Slack 要拿使用者資料訓練 AI

在「Slack AI Training with Customer Data (slack.com)」這邊看到的,原公告在「Privacy Principles: Search, Learning and Artificial Intelligence」這邊。

預設會被丟進去訓練,Opt-out 無法直接設定,需要透過 e-mail 寫信找 feedback@slack.com (yeah,dark pattern):

Contact us to opt out. If you want to exclude your Customer Data from Slack global models, you can opt out. To opt out, please have your Org or Workspace Owners or Primary Owner contact our Customer Experience team at feedback@slack.com with your Workspace/Org URL and the subject line “Slack Global model opt-out request.” We will process your request and respond once the opt out has been completed.

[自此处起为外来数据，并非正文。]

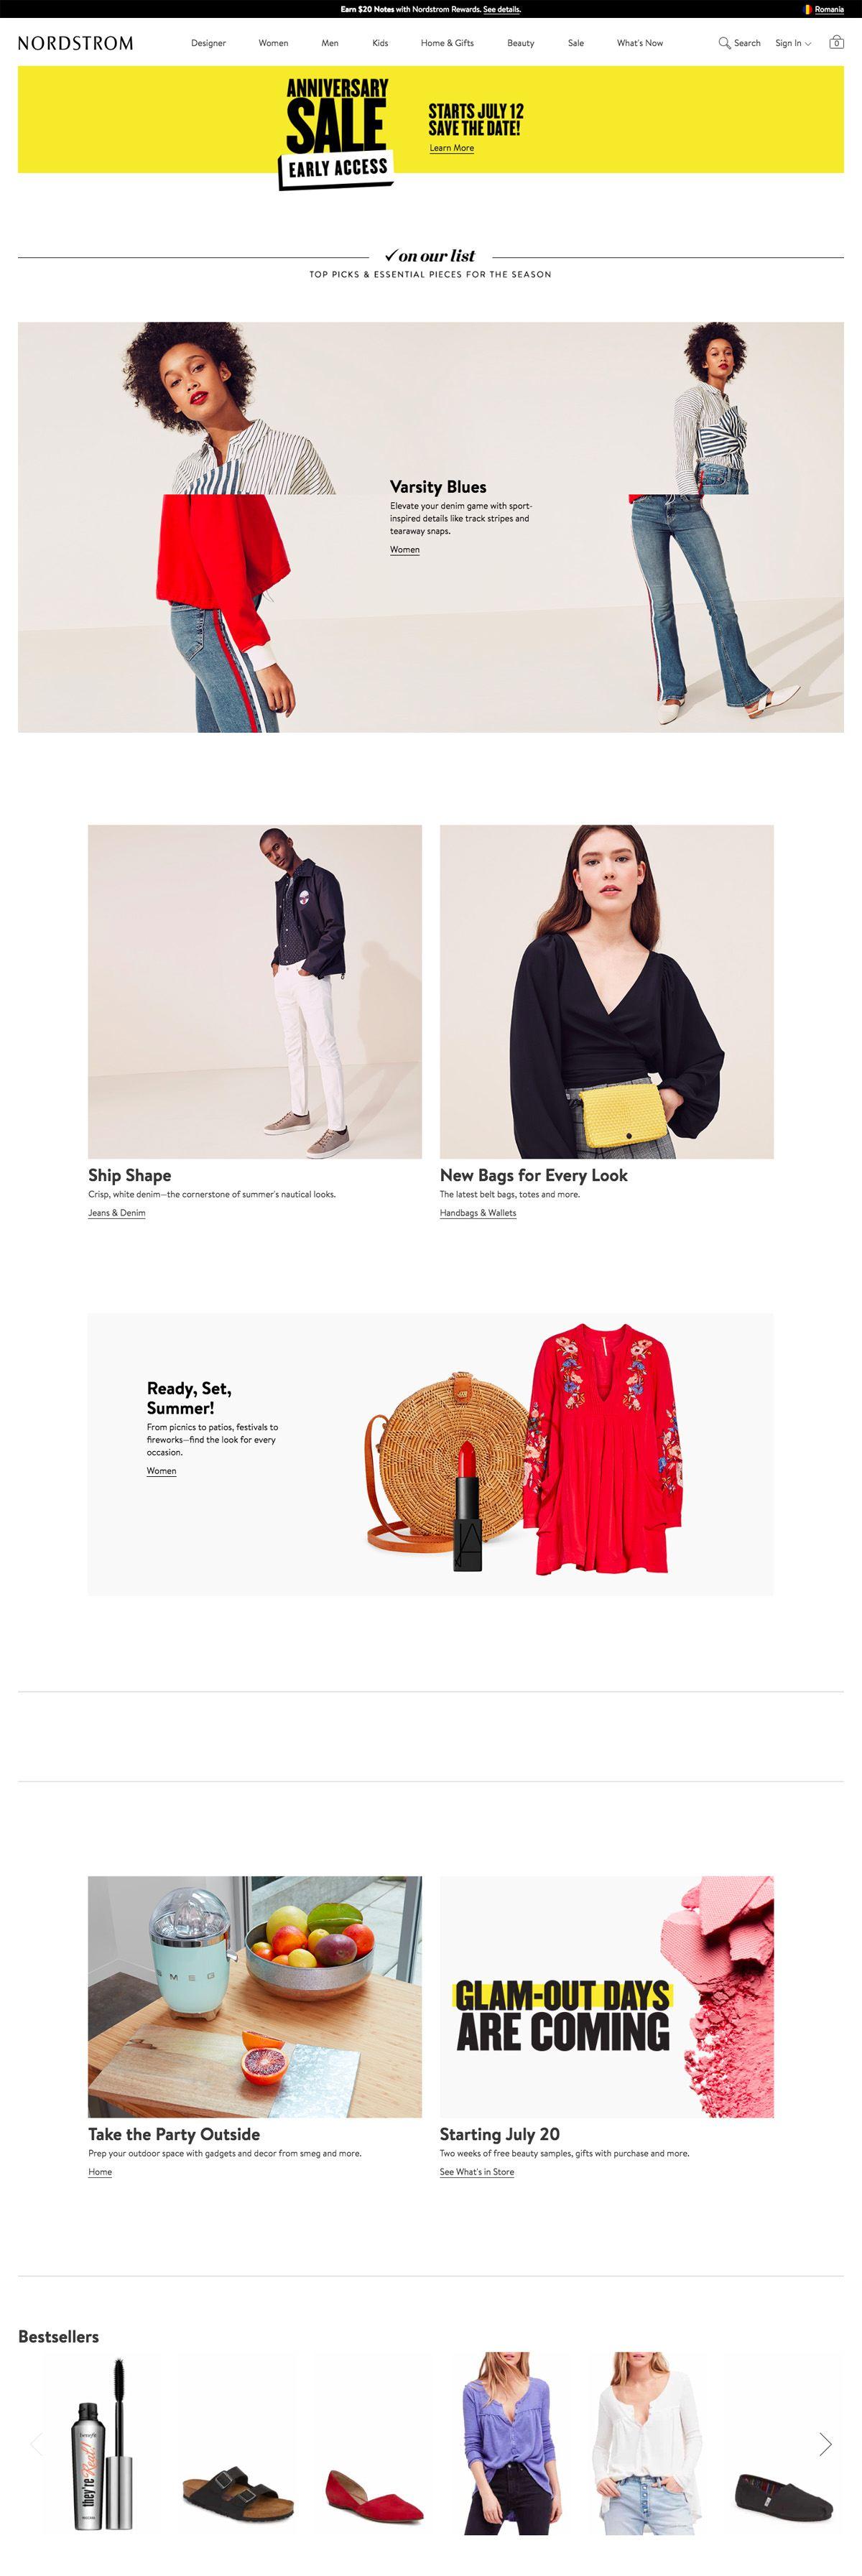 eCommerce website: Nordstrom

拿企業資料來搞事嗎... 這應該已經不只是 privacy 議題而是 security 層面了,PR 層面鐵定很難看,來看後面會不會轉彎?

當年 Facebook 透過 VPN 記錄使用者活動細節的目的

2019 年年初的時候 TechCrunch 爆出 Facebook 透過付錢給使用者,透過 VPN (以及安裝 Root CA) 記錄使用者的行為:「Facebook 花錢向使用者購買他們的行為記錄」,最近揭露的文件透漏了當年的目的:「Facebook snooped on users’ Snapchat traffic in secret project, documents reveal」。

TC 這邊的文章裡面沒看到信件,另外找了其他報導:「Project Ghostbusters: Facebook Accused of Using Your Phone to Wiretap Snapchat」,裡面有兩份資料是信件往來的部分:「Document 735」、「Document 736」。

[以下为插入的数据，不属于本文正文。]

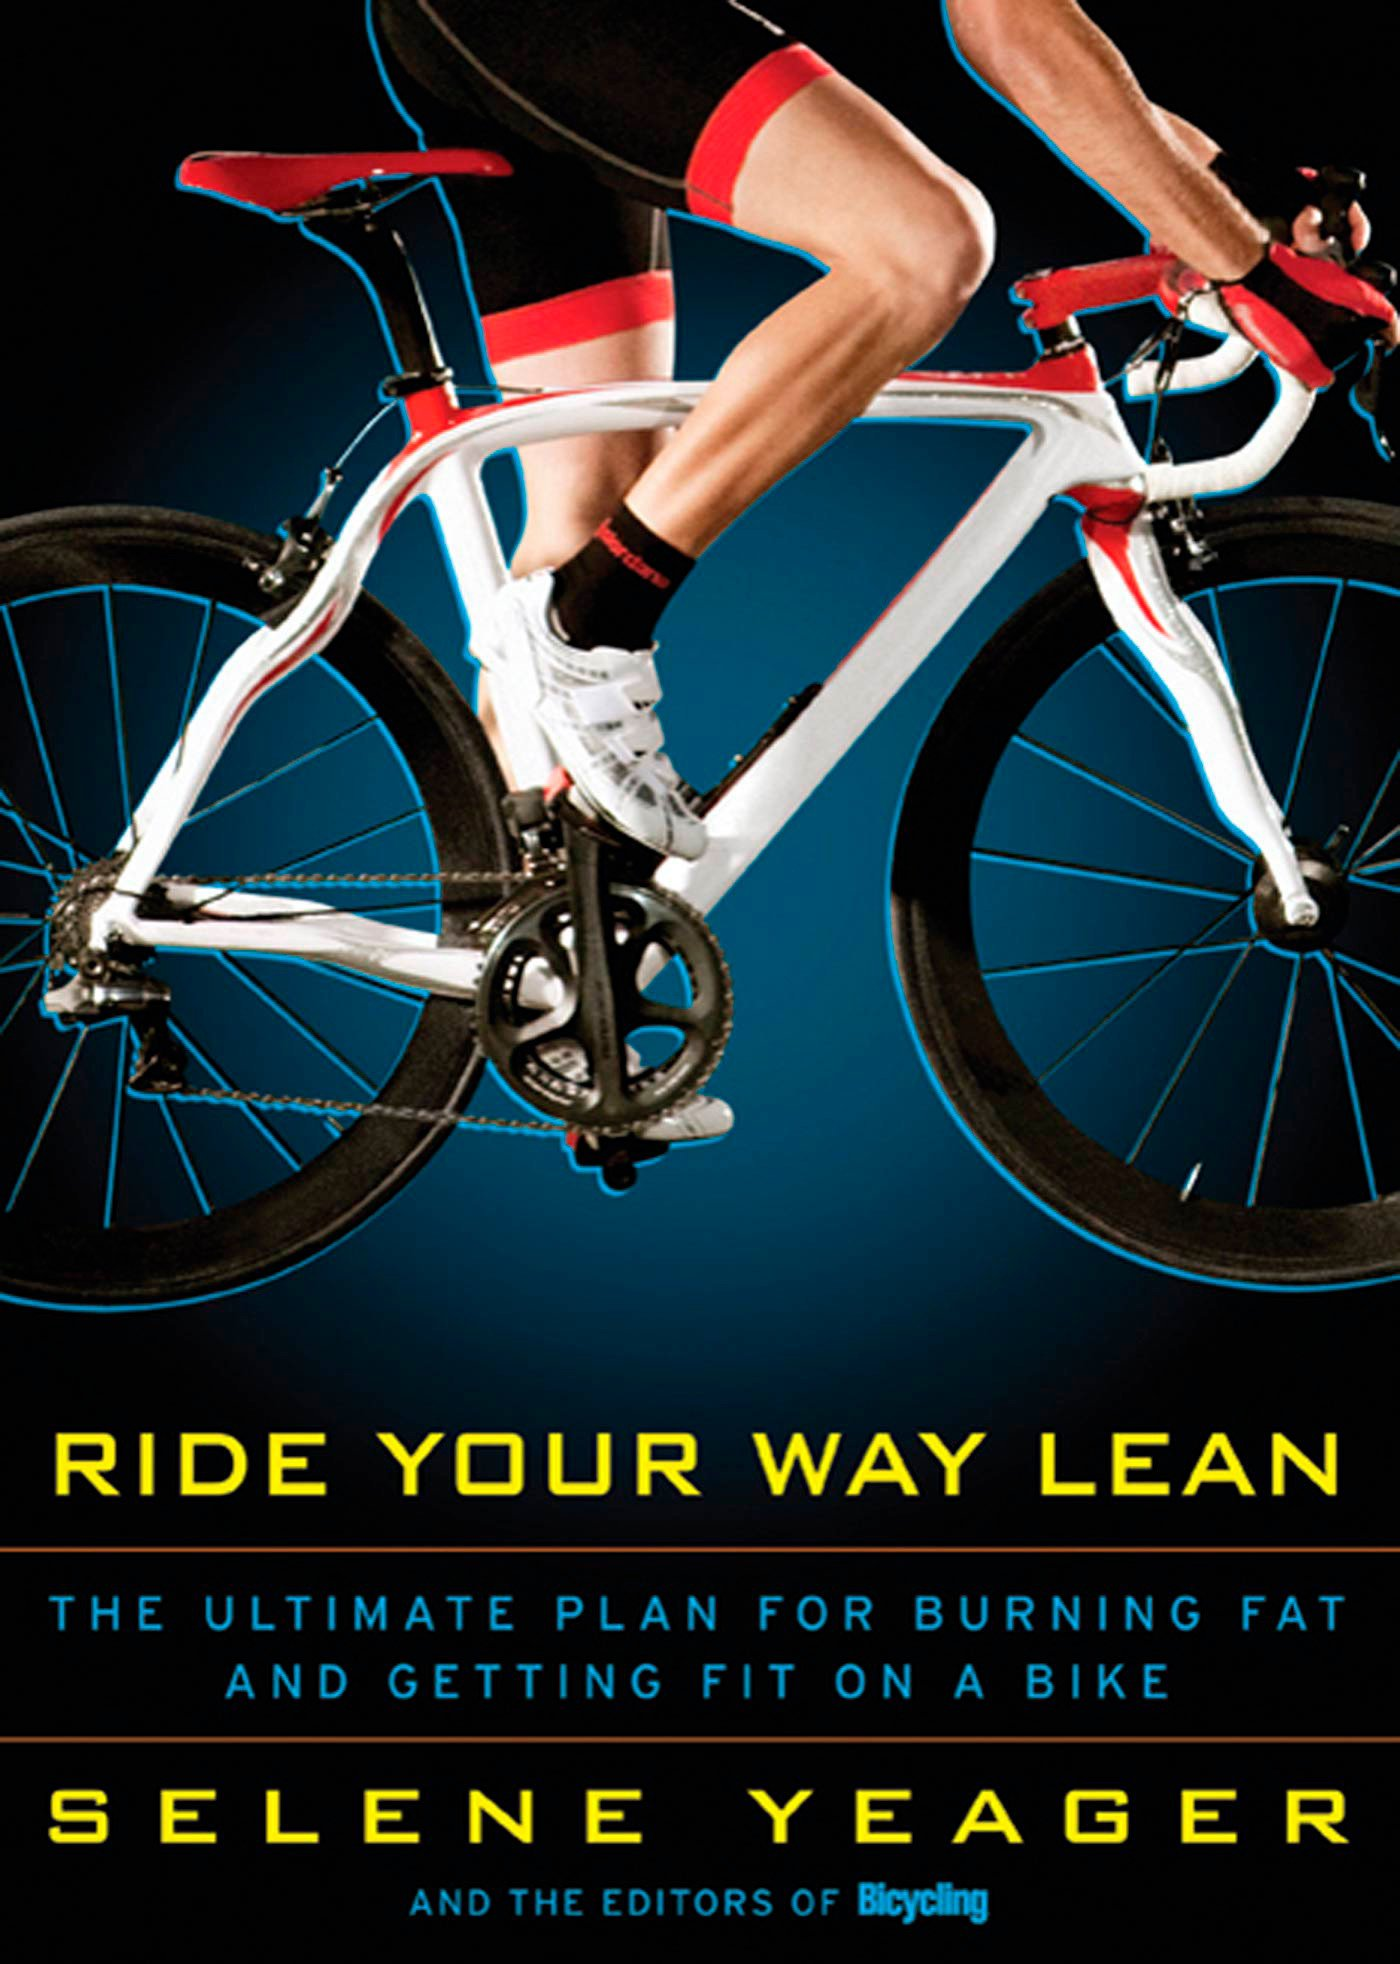 burn fat riding bicycle

裡面可以看到想要取得 SnapchatYouTubeAmazon 這些使用行為:

The goal of Facebook’s SSL bump technology was the company’s acquisition, decryption, transfer, and use in competitive decisionmaking of private, encrypted in-app analytics from the Snapchat, YouTube, and Amazon apps, which were supposed to be transmitted over a secure connection between those respective apps and secure servers (sc-analytics.appspot.com for Snapchat, s.youtube.com and youtubei.googleapis.com for YouTube, and *.amazon.com for Amazon). Id.

然後信裡還有提到是用 Squid 實作的:

Today we are using the Onavo vpn-proxy stack to deploy squid with ssl bump the stack runs in edge on our own hosts (onavopp and onavolb) with a really old version of squid (3.1).

這次的訴訟裡提到了 18 U.S. Code § 2511 - Interception and disclosure of wire, oral, or electronic communications prohibited,看起來會是聯邦層級的刑事案件...

那是個還不流行 certificate pinning 的年代...?

Let's Encrypt 簽發新的 Intermediate CA

Let's Encrypt 宣佈簽發新的 Intermediate CA:「New Intermediate Certificates」。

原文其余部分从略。